Hawkins Bolden: A Mind’s Eye and Searching Hands See

Hawkins Bolden: A Mind’s Eye and Searching Hands See

Article by  Kathy Johnson Bowles 

Writing about seeing an exhibition of works by a blind artist presents a metaphysical conundrum. While Hawkins Bolden (1914-2005) only experienced his work by touching, the visitor to the exhibition, Hawkins Bolden: Scarecrows, at Shrine in New York City only experienced the works visually. The gap between knowing and understanding the work at times represents a great chasm filled with awe and wonder.

Curated by Shrine owner Scott Odgen, the exhibition, held April 9 through May 15, 2021, featured 20 works by Bolden. The exhibition took the viewer on a mind-bending journey that revealed the power of sightless vision and soulful touch.

The journey to understand Hawkins Bolden’s raw, abstracted, and terrifying faces and figures begins with the knowledge of his life and the circumstances leading to creating the work. Bolden, of African American, Creole, and Native American descent, was born and lived in the Bailey’s Bottom area of Memphis, Tenn. At the age of seven or so, he was hit on the back of the head with a baseball bat while playing catcher. Bolden stood up to catch an errant pitch, and the batter swung. After the injury, he suffered blackouts and seizures. One such bout left him lying motionless in a field staring at the sun. The damage to his eyes left him blind.

For much of his adult life, Bolden lived with his sister, Elizabeth, in a dilapidated house in Memphis. In the film Make by Scott Ogden and Malcolm Hearn, Bolden’s life circumstances of abject poverty are apparent in his frayed clothing and his cobbled-together existence.

Bolden’s positive nature and his persistence to create is in stark contrast with his sister, who he described as liking whiskey and recalled her often saying, “Shut up blind mother fucker.” Nevertheless, Bolden’s need to create and be active prevailed. Spurred by his niece, Verna Billings, he found meaning and purpose in creating scarecrows for his subsistence garden of tomatoes, hot peppers, and collard greens.

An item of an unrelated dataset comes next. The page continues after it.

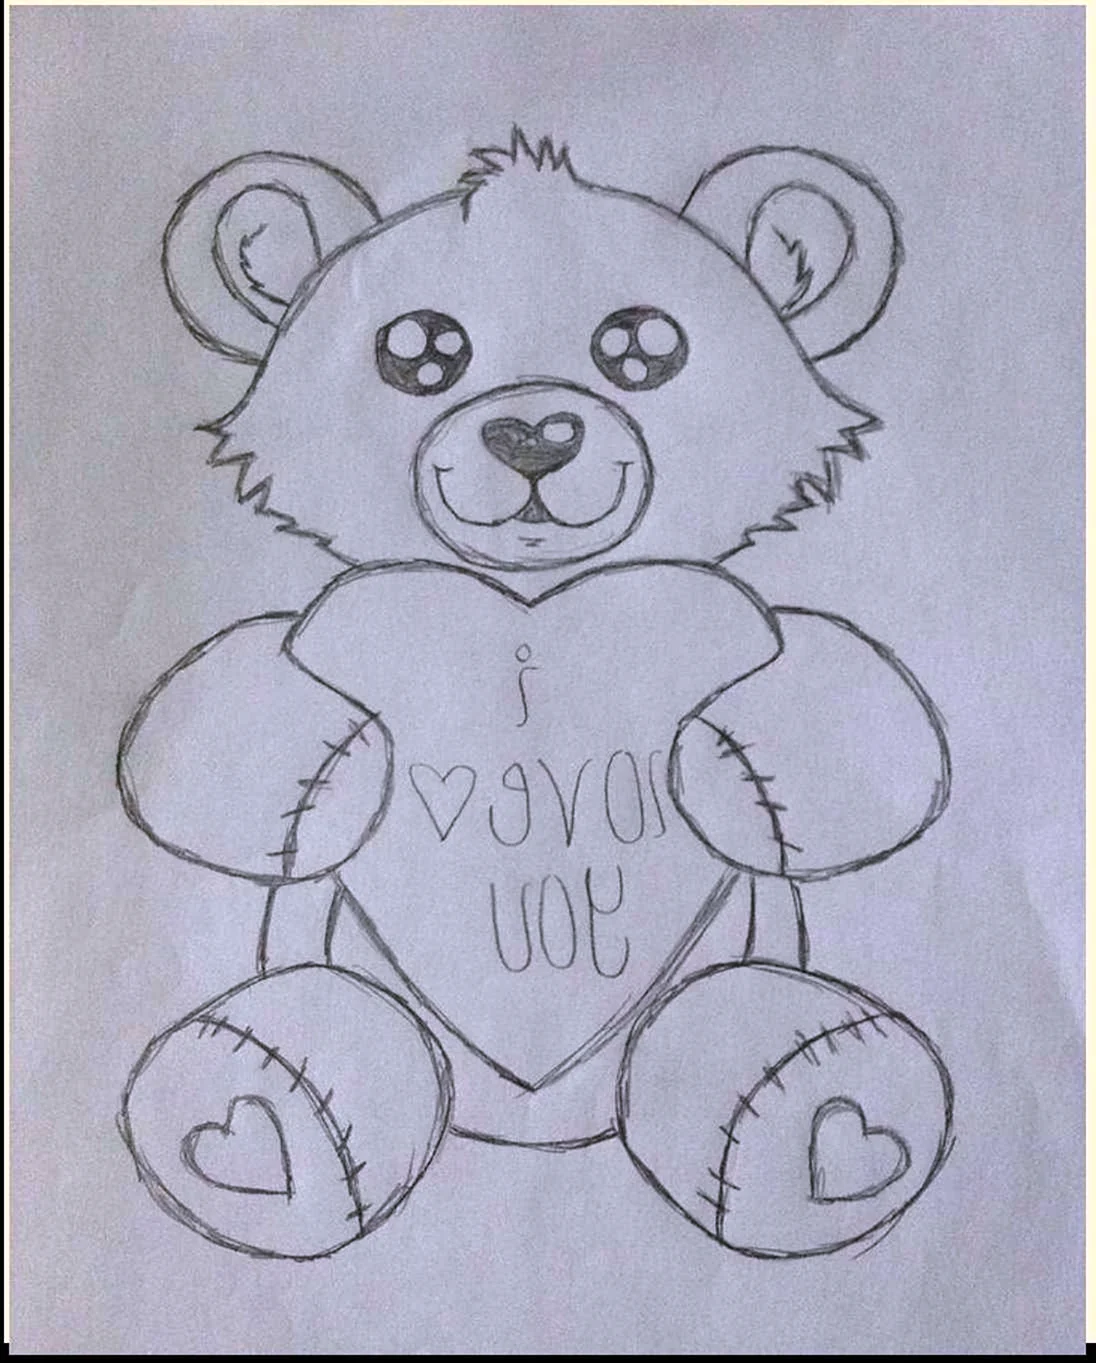 Рисунок медведя карандашом для срисовки

In the film Make, we learn Bolden traversed alleyways and roadsides in his neighborhood, picking up dusty, discarded scraps. We watch in horror and fascination Bolden wielding a power drill or a hacksaw (sometimes just a saw blade), squatting on the floor of the kitchen, living room or bedroom, to create his scarecrows. A dented pot or frying pan becomes a face with piercing holes for the eyes. A split piece of hose or dirty remnant of carpet becomes a mocking tongue sticking out. A discarded artificial Christmas tree branch becomes a shock of hair.

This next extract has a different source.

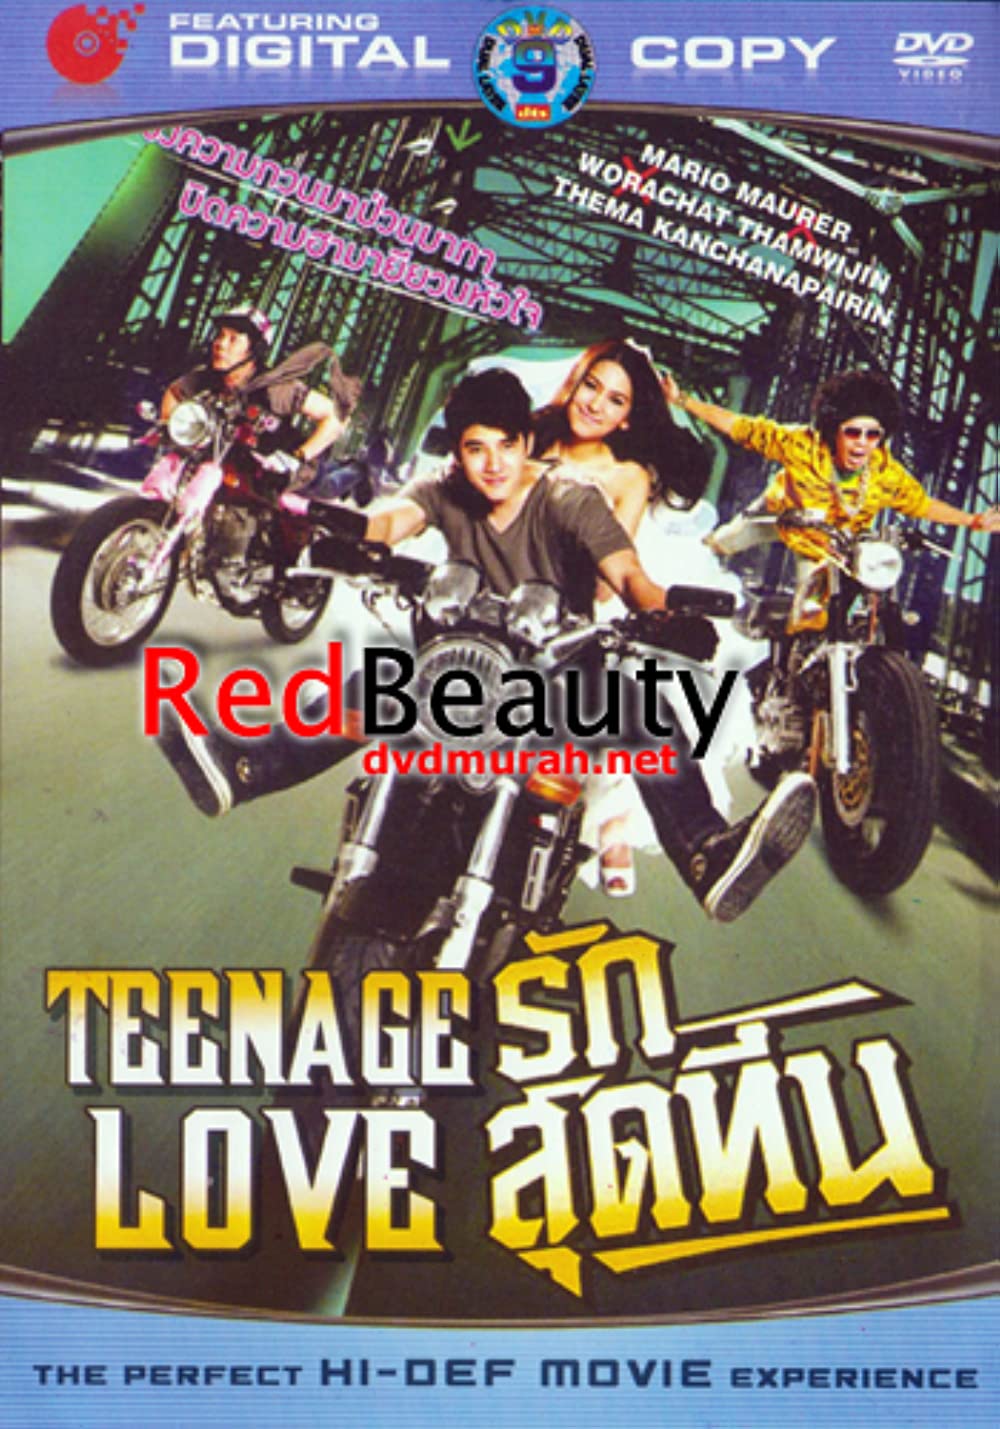 Rak Sud Teen (2012) รักสุดทีน พากย์ไทย

Pieces of lumber lashed or nailed together become a figure. Each element added over time to Bolden’s garden created a complicated, almost chaotic performance of “bodies” in his parched parcel of land.

The facts of Bolden’s materials and methods, voice and values, nature, and being in the world alter and enhance the viewer’s experience with works on exhibition at Shrine.

The viewer walked into an air-conditioned East Village gallery and found the discreet remnants of the world Bolden created in his garden in the 1980s and 1990s.

Each piece, exquisitely displayed like a sacred relic against a clean white wall, reads like a homage to Bolden. Some pieces are displayed like a single masterpiece on a wall, such as with a worn, gray metal trash can lid with raised concentric circles, punctuated with holes and pieces of cobalt blue shag carpet. Elsewhere a series of Bolden’s scarecrows seem to march across a platform as if in the midst of a ritual.

At first, the viewer might imagine the works as tests of artistic theory and practice by the hands of a learned Abstract Expressionist. But, no, there is no “artist” who compares to the authenticity of Bolden’s haunting vision. How could they? Bolden’s work is the result of lived experience. No matter how much one might try, a seeing person could have never seen what Bolden’s mind’s eye and his searching hands saw in these humble materials. His scarecrows are totems and talismans replete with spiritual power. Now, some 16 years after his death, the viewer is left with a few of Hawkins Bolden’s powerful assemblages.

While it is true that the antiseptic white walls of a New York City air-conditioned gallery are a far cry from the oppressive heat, humidity, and dust of a Southern town in the summer, Shrine presented Hawkins Bolden works with a deep sense of respect. Hawkins Bolden’s place in the artistic world as a genius of powerful abstraction is secure.

KATHY JOHNSON BOWLES is an artist and scholar.